Site information
- Type: Hill castle
- Owner: Public
- Open to the public: No
- Condition: Inaccessible

Location
- Coordinates: 41°13′35″N 19°44′37″E﻿ / ﻿41.2265°N 19.7435°E

Site history
- Built: 9th century BC
- Built by: Unknown
- In use: Until 6th century AD
- Materials: Stone

= Dorëzi Fortress =

Fort in Tirana, Albania

The Dorëzi Fortress is situated close to Dorëz village in Albania, 5 km east of Pezë and 20 km southwest of Tirana. It is the oldest in the Tirana County and dates to the 9th century BC.

==History==
The first archaeological expedition was performed in 1951. The ruins of the fortress are to be found in one of the highest hills of the Krrabë, at about 479 m above sea level.
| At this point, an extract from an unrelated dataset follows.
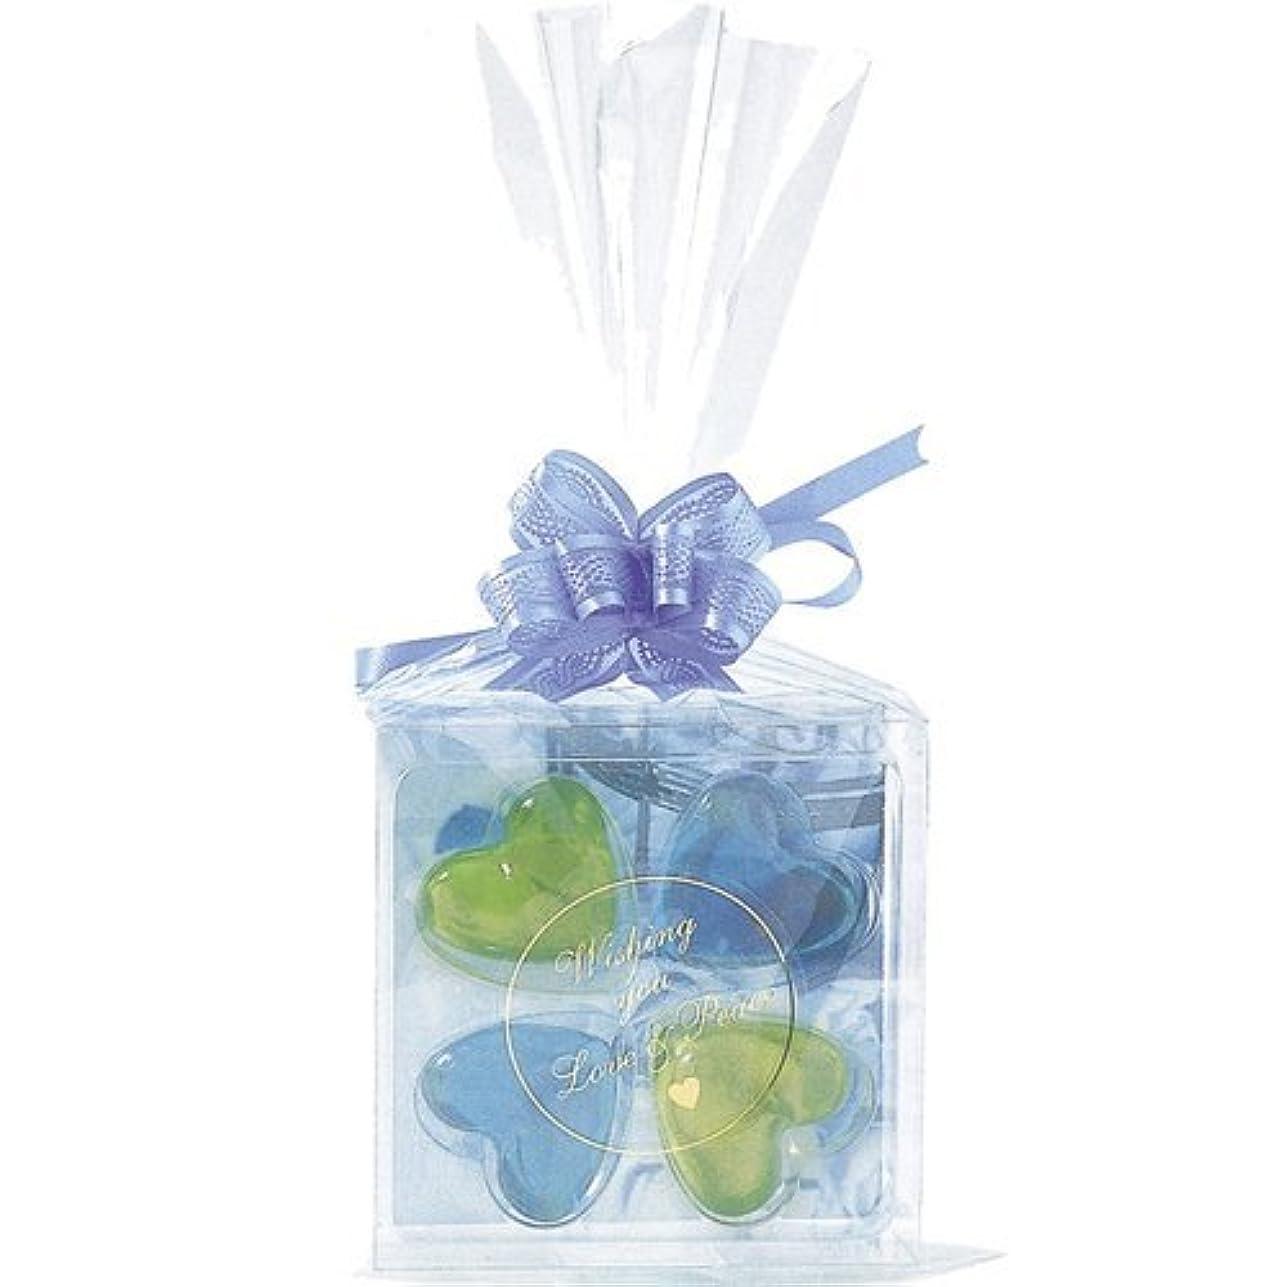 またはぼんやりしたチャータージーピークリエイツ フォーチューンクローバー ブルー 入浴料セット(グリーンアップル、ベリー)

It is thought that Dimale may have been situated in the Dorëzi Fortress. The surrounding wall is in its southern part, and is 300 m long from east to west. The fortress construction seems to have had three phases—the first with raw stones, the second with carved blocks placed with no mortar (Hellenistic period) and the third with crushed stones and the use of mortar (4th–6th centuries AD). One can see the main entrance of the fortress. The presence of old vases that date to those centuries suggests that the site was inhabited until at least the 4th–6th centuries AD.